Array elements are adjacent in memory, so such a data structure does not cause caching problems. The cache location turns out to be the reason for the slowdown in slow.py, but it comes from an unexpected place. In Python, an integer is an object assigned to the heap rather than a simple value. In particular, in virtual machines, integer objects look like this:


typedef struct {
 PyObject_HEAD
 long ob_ival;
} PyIntObject;

The only "interesting" element in the above structure is ob_ival (similar to the integer in C language).
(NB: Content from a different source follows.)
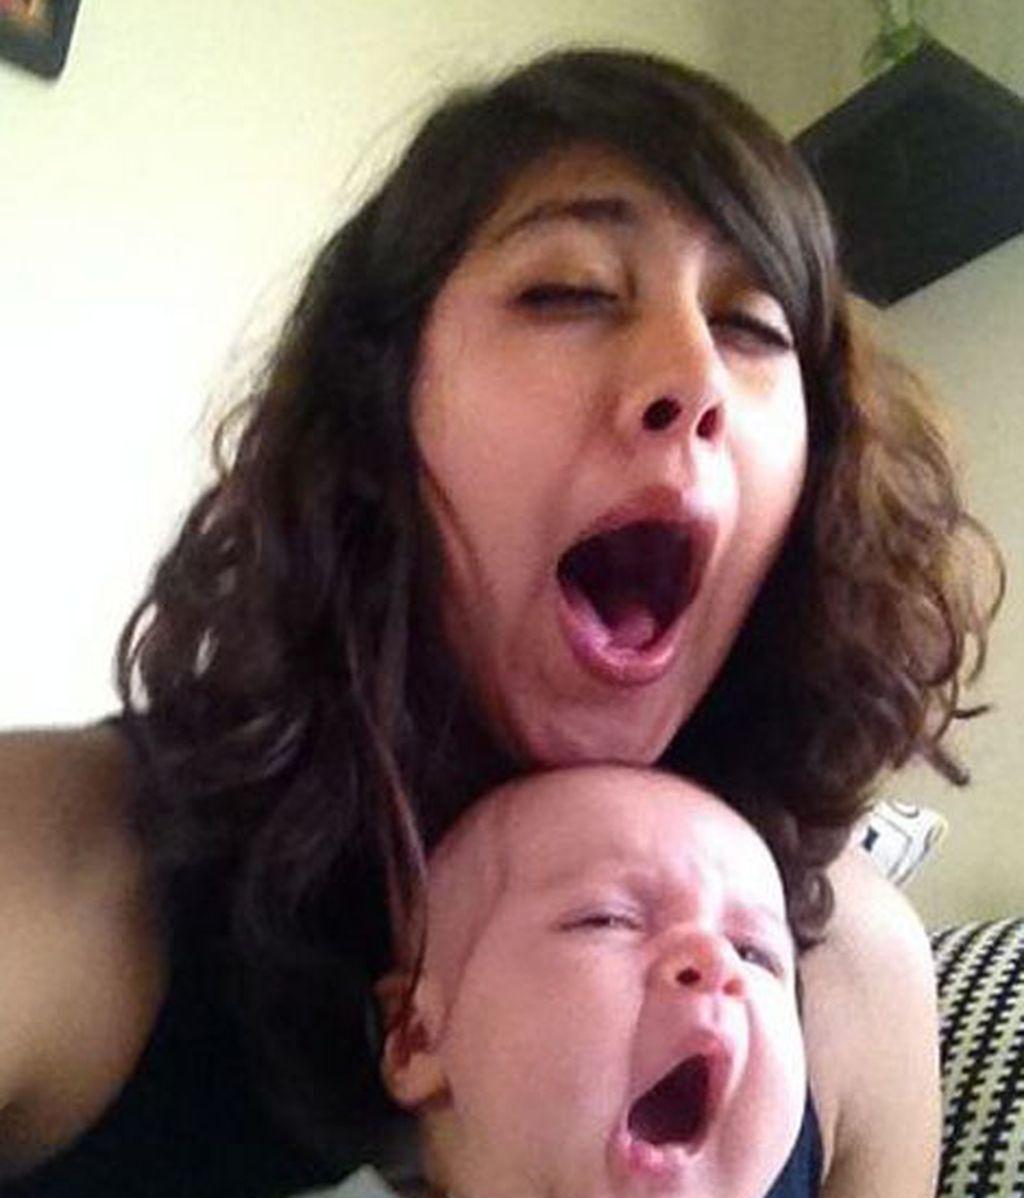 Caritas de bebé

If you think using a full heap object to implement integers is wasteful, you're probably right. Many languages are optimized to avoid this. For example, Matz's Ruby interpreter typically stores objects as Pointers, but makes exceptions for frequently used Pointers. Simply put, the Ruby interpreter inserts a fixed-length number into the same space as an object and marks it with the least significant bit as an integer rather than a pointer (in all modern systems, malloc always returns memory addresses aligned by multiples of 2). At that point, you just need the appropriate displacement to get the integer value -- no heap position or redirection required. If CPython did a similar optimization, slow.py and fast.py would have the same speed (and they would all probably be faster).

So what does CPython do with integers? What behavior of the interpreter gives us so much confusion? The Python interpreter allocates integers to the "block" of 40Byte at a time (block). When Python needs to generate a new integer object, it creates the next available space in the current integer "block" and stores the integer in it. Our code allocates a million integers in an array, and most of the adjacent integers are put into adjacent memory. Thus, traversing in an ordered million Numbers shows good cache positioning, while positioning in the first million Numbers in random sort shows frequent cache misses.

So the answer to "why sorting arrays makes code faster" is that it doesn't. Arrays that are not shuffled are traversed more quickly because we access the integer objects in the same order that they are allocated (they must be allocated).